Blog by Oleg Fomenko

RingCT explained paper release 🎉

Sharing with you my paper with high-level overview of RingCT transactions in Monero. It covers the Pedersen commitments, Confidential assets, stealth addresses, ring signatures and the form of RingCT transaction.

Enjoy: RingCT explained

Block cipher mode of operation

Block cipher is an algorithm that performs encryption and decryption of the plaintext by blocks (for example of 128 bit). It’s obvious that to encode plaintext with different from block sizes we need a separate high-level module that will perform split and append operations on the plaintext in a couple with some other transformations.

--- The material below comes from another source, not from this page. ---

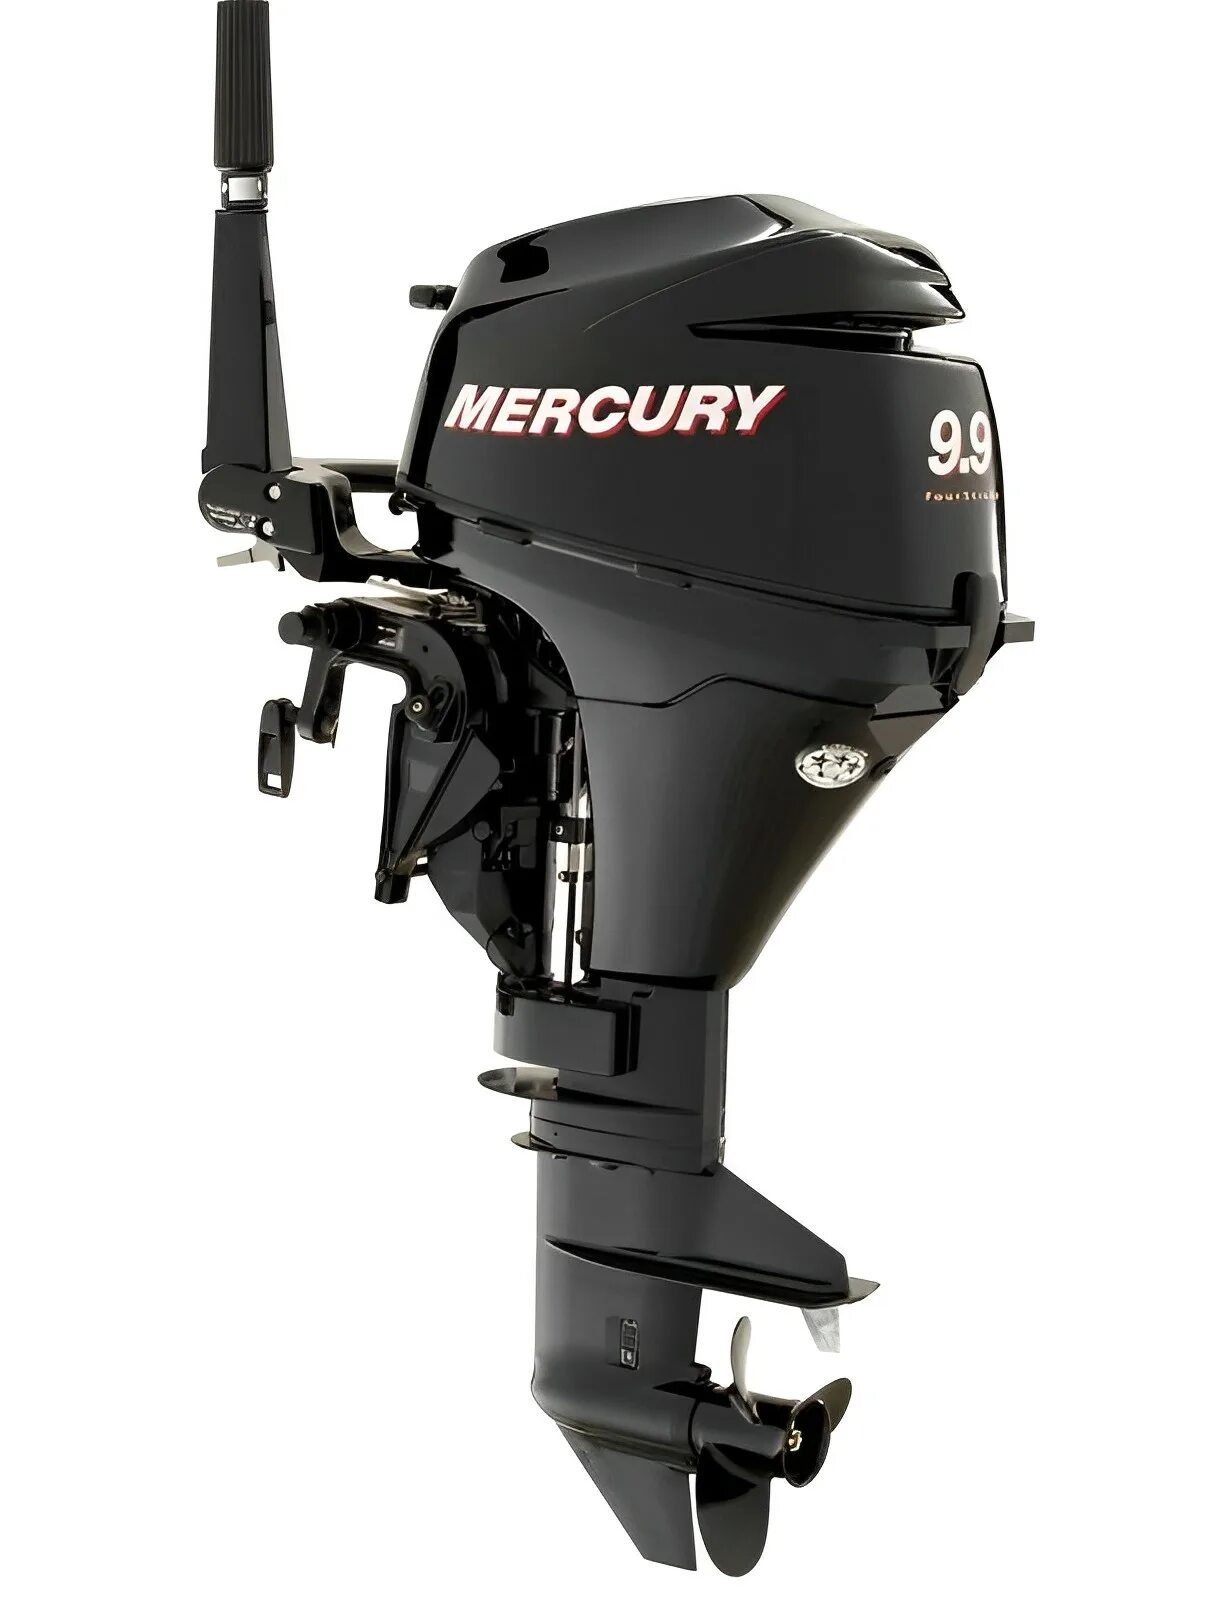 Лодочный мотор меркурий 9.9 купить. Мотор Mercury 9.9. Лодочный мотор Mercury me f 9.9 m. Лодочный мотор Mercury me f 8 m. Mercury 9.9 4х тактный.

Such transformations are called block cipher modes.

In general, let’s define the block cipher as follows:

  • Encrypt: \(Enc(m, k) = c\) - function that encrypts plaintext \(m\) using key \(k\) and outputs ciphertext \(c\).
  • Decrypt: \(Dec(c, k) = m\) - function that decrypts ciphertext \(c\) using key \(k\) and outputs plaintext \(m\).

ECB (electronic cookbook) mode

The most obvious cipher mode is an ECB mode that performs encryption for every block separately.

\[c_i = Enc(m_i, k)\]

This mode is considered to be the worst modes from all. If two parts of input plaintext are equal (that appears really often for real texts) it produces same ciphertext that can be used by hackers to broke our cypher.

CBC (cipher block chaining) mode

One of the most popular modes is a CBC mode that performs xor operation for every next block of plaintext with previous ciphertext. This mode lacks the disadvantage of the ECB mode and outputs the different ciphertexts even for same plaintexts.

\[c_i = Enc(m_i \oplus c_{i-1}, k)\] \[m_i = Dec(c_i, k) \oplus c_{i-1}\]

For the initial block encrypting it uses special initialization vector that have to be unique for every new encryption. If we use same initialization vectors for different encryptions it can cause same problems as in the ECB mode.

Let’s overview several approaches to generate the initialization vector.

  • Simple usage of the counter 0,1,2,3… is not recommended because of really week randomness. Because of peculiarities of the real texts usage of this initialization vector will not increase security significant.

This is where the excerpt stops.